Some donors may want a more cogent agenda beyond “obstruct Biden” and “troll the left.” But that doesn’t appear to be what the base wants, nor is it what the Trumpian GOP is willing or able to offer. “Donors especially are always asking for an agenda of some kind and McConnell pushes back hard,” the strategist said, telling Axios that such an agenda would “take the focus off unpopular Dem policies” and give Democrats “something tangible to tear apart.”

“One of the biggest mistakes challengers often make is thinking campaigns are about them and their ideas,” the operative said. “No one gives a shit about that. Elections are referendums on incumbents.”

Republicans may not have any real ideas, but obviously that doesn’t mean they don’t have an agenda; it just so happens that it’s mostly about attaining, keeping, and benefiting from powerful government positions.
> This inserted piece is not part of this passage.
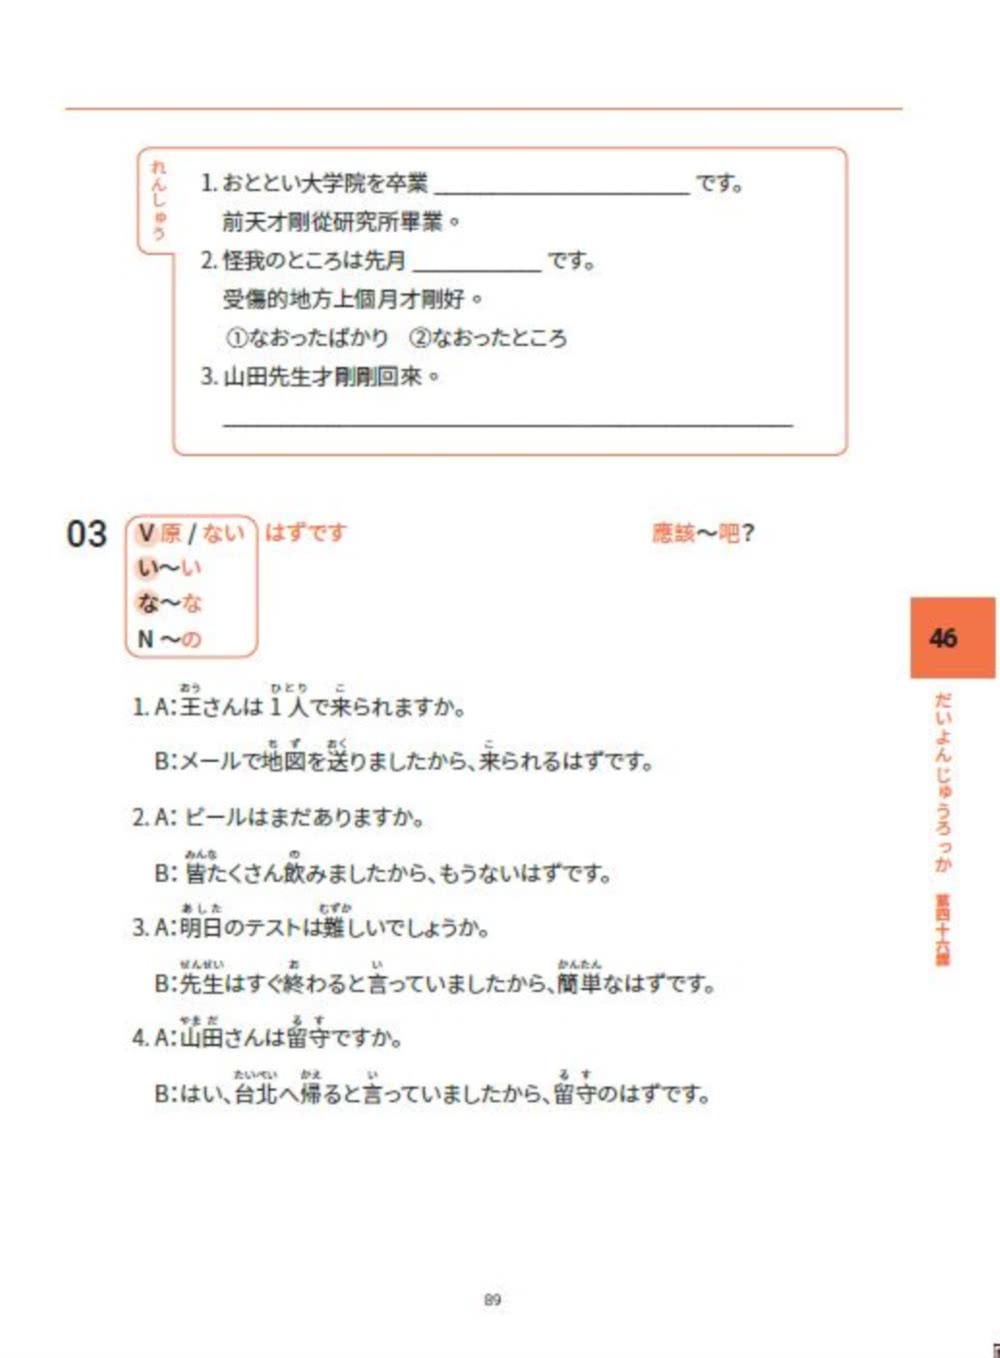 大家一起學習日文吧！王可樂日語初級直達車4：詳盡文法、大量練習題、豐富附錄

That’s why the Republican National Committee didn’t need to bother putting forth an agenda in 2020; asserting its “strong support” for Trump acted as shorthand for a series of positions too self-interested, stupid, or cruel to comfortably lay out in detail. No formal 2022 agenda is necessary to know how McConnell, Kevin McCarthy, and the Republicans would govern if they take back Congress in the midterms—they’re already doing it from the Capitol Hill minority.